§ **Data to use**
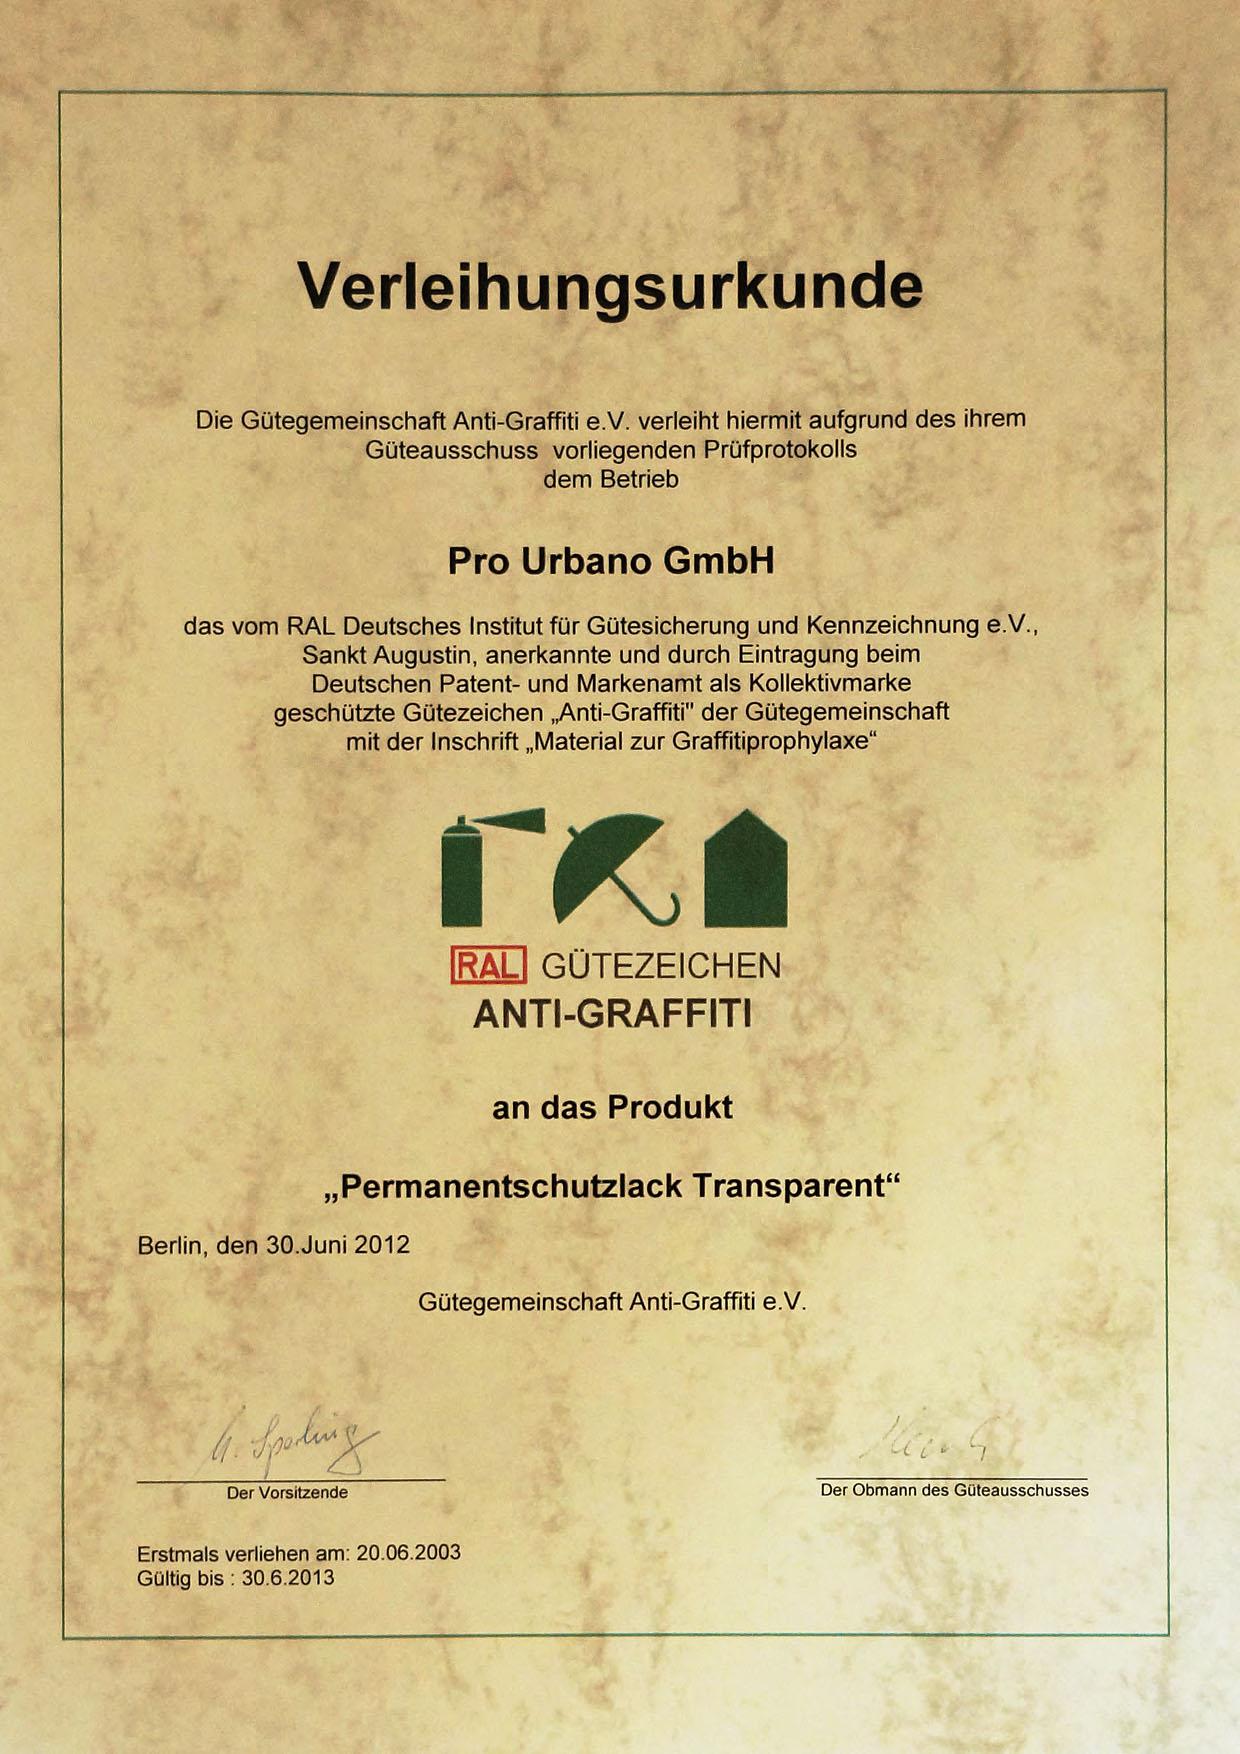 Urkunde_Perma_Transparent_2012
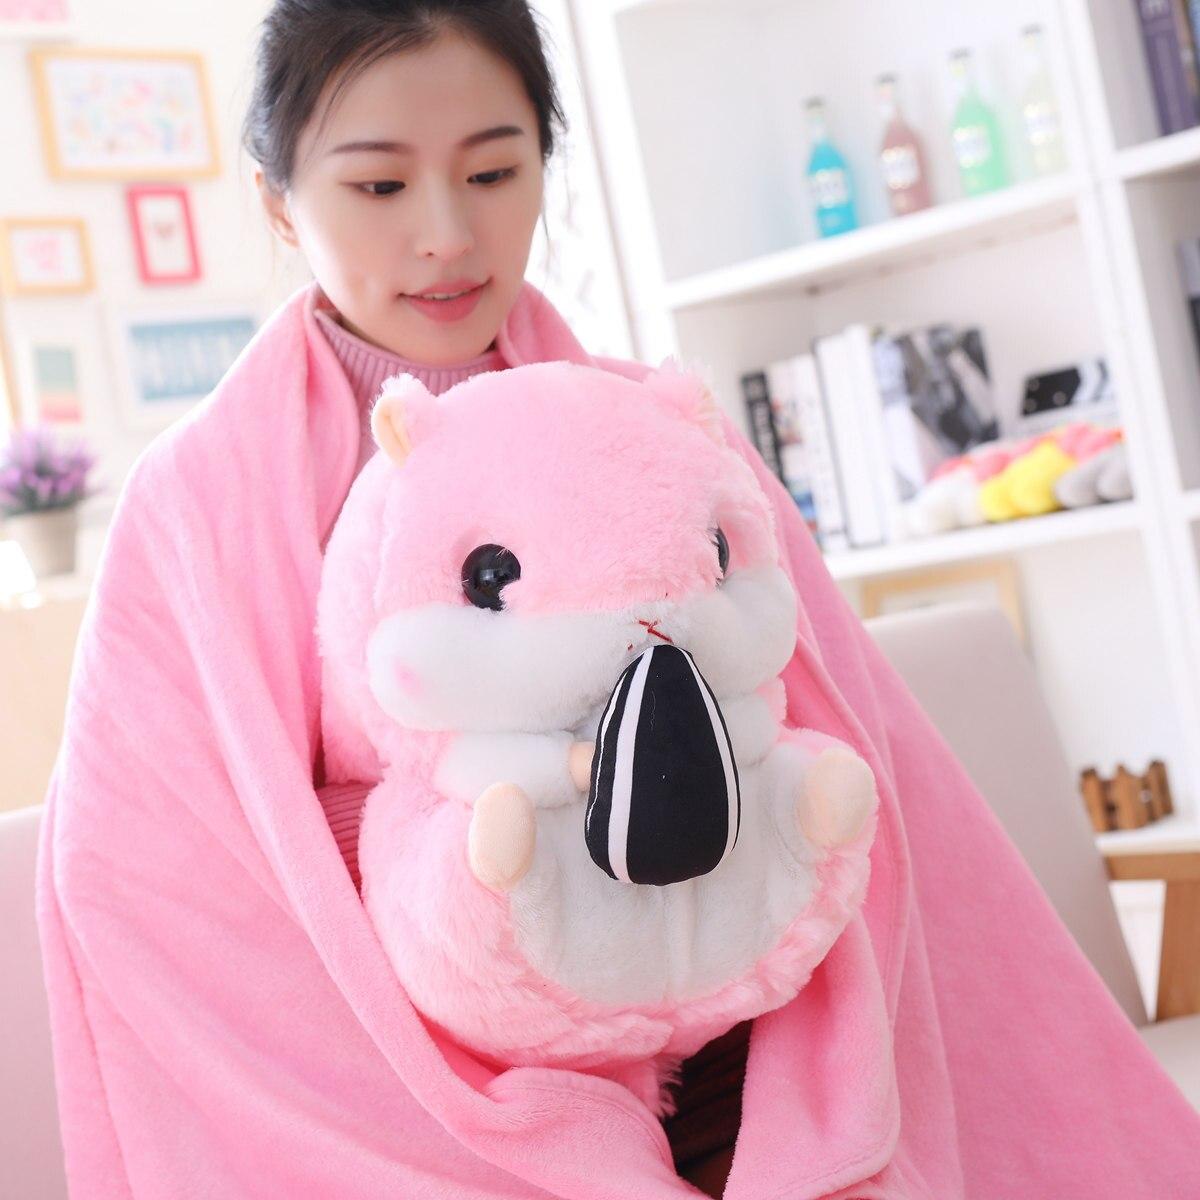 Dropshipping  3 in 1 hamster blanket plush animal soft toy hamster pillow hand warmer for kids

...

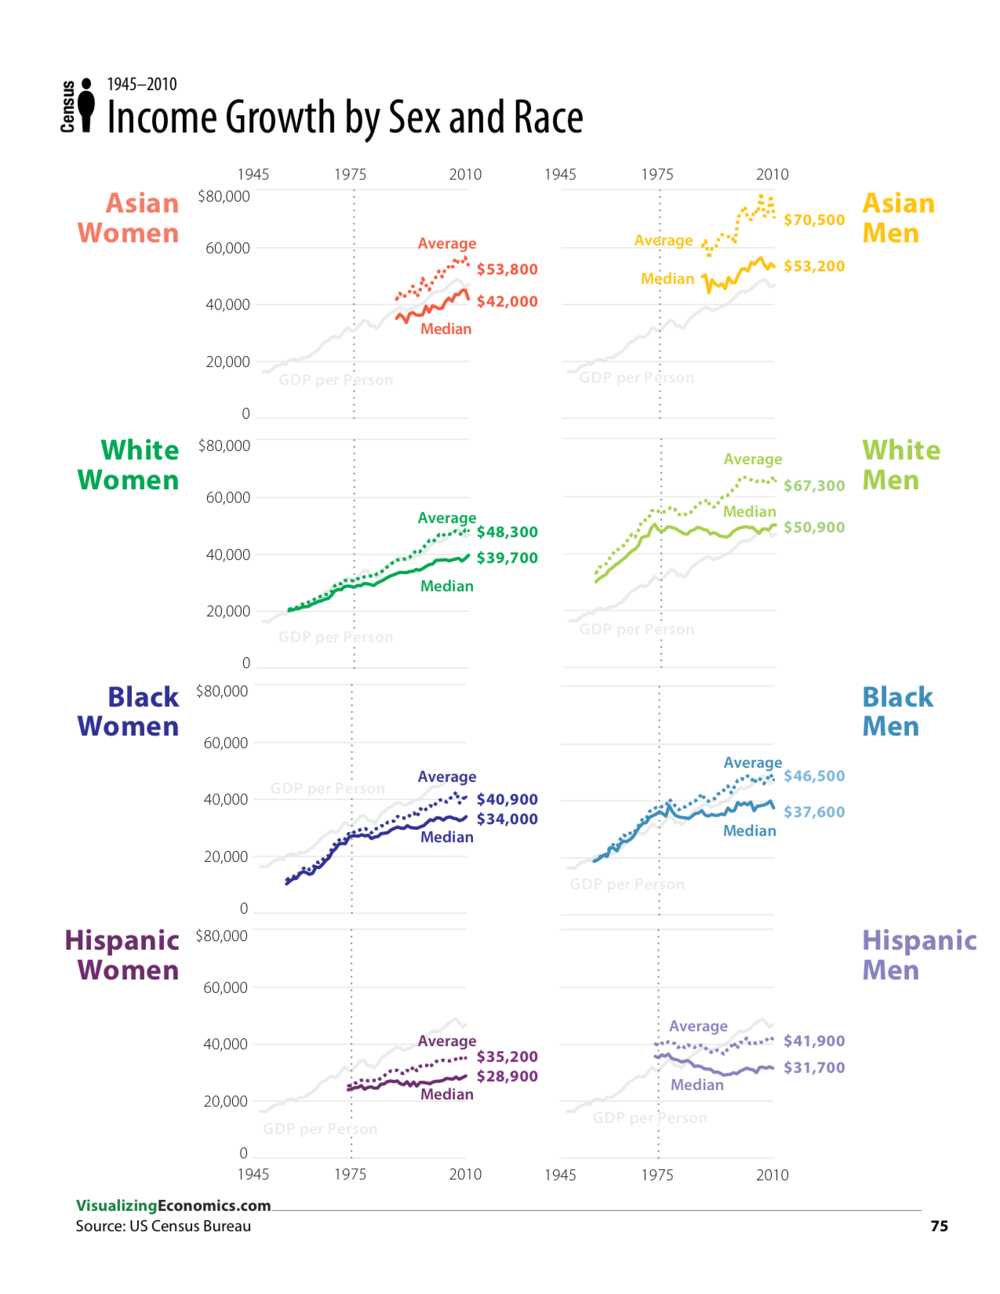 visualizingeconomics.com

* * *

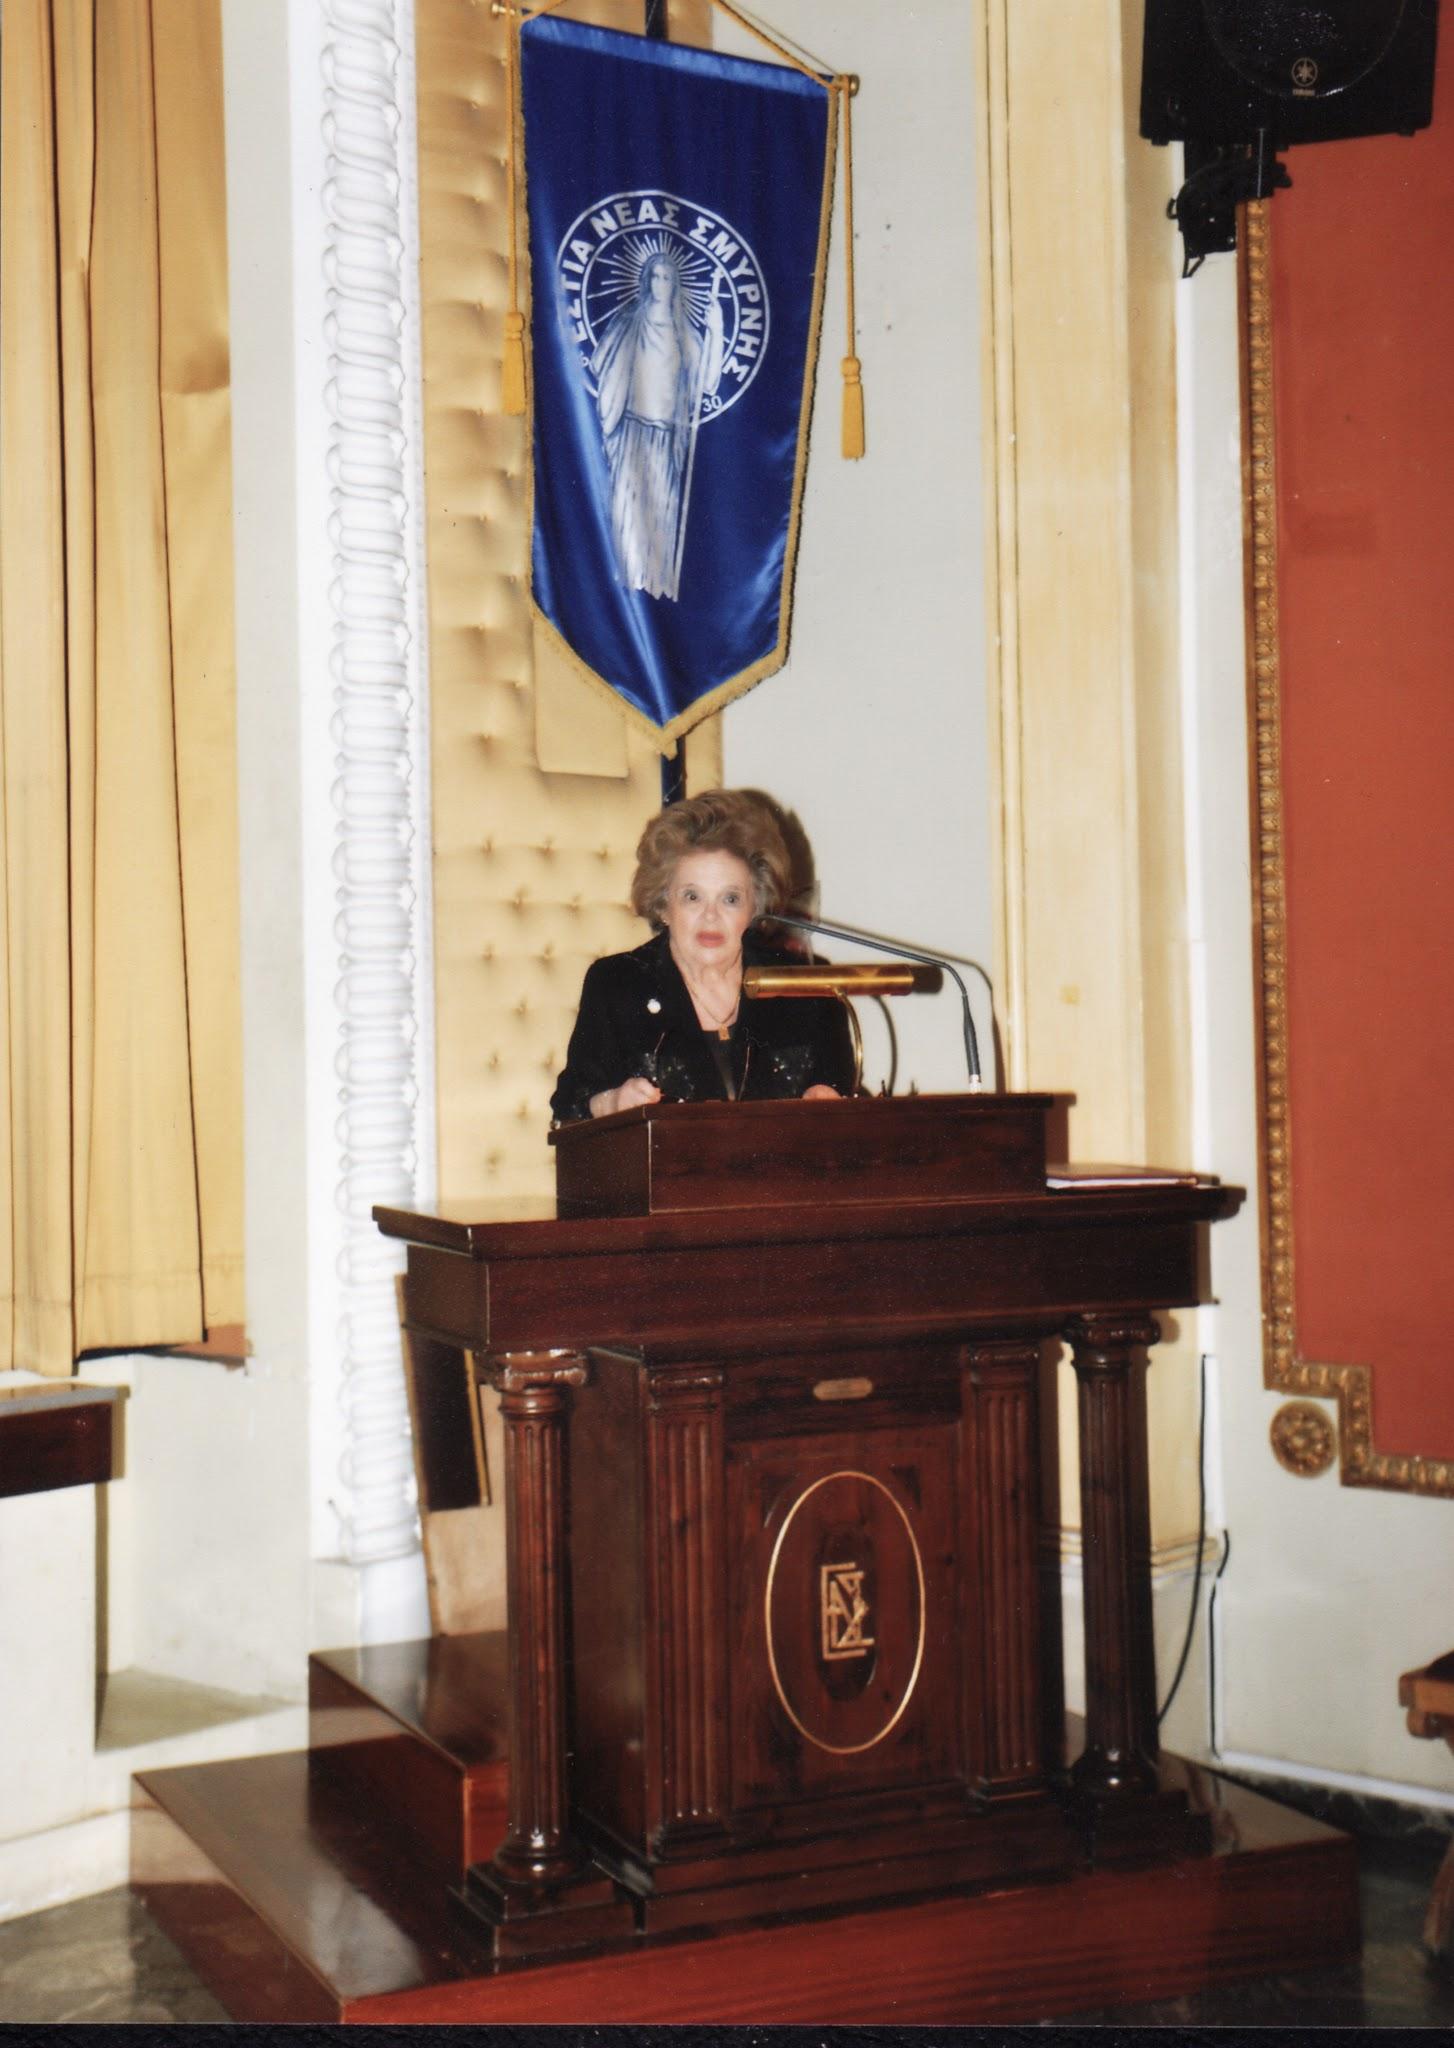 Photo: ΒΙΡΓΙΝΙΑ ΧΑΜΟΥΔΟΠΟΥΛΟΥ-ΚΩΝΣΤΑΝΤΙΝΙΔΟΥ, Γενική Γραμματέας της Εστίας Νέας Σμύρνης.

§ **The task**
In the records above, find the line containing "Urkunde_Perma_Transparent_2012" and the line containing "warmer for kids", then give both of them again word for word along with every line between. Omit any pictures.

§ **Response for this exercise**
 Urkunde_Perma_Transparent_2012
 Dropshipping  3 in 1 hamster blanket plush animal soft toy hamster pillow hand warmer for kids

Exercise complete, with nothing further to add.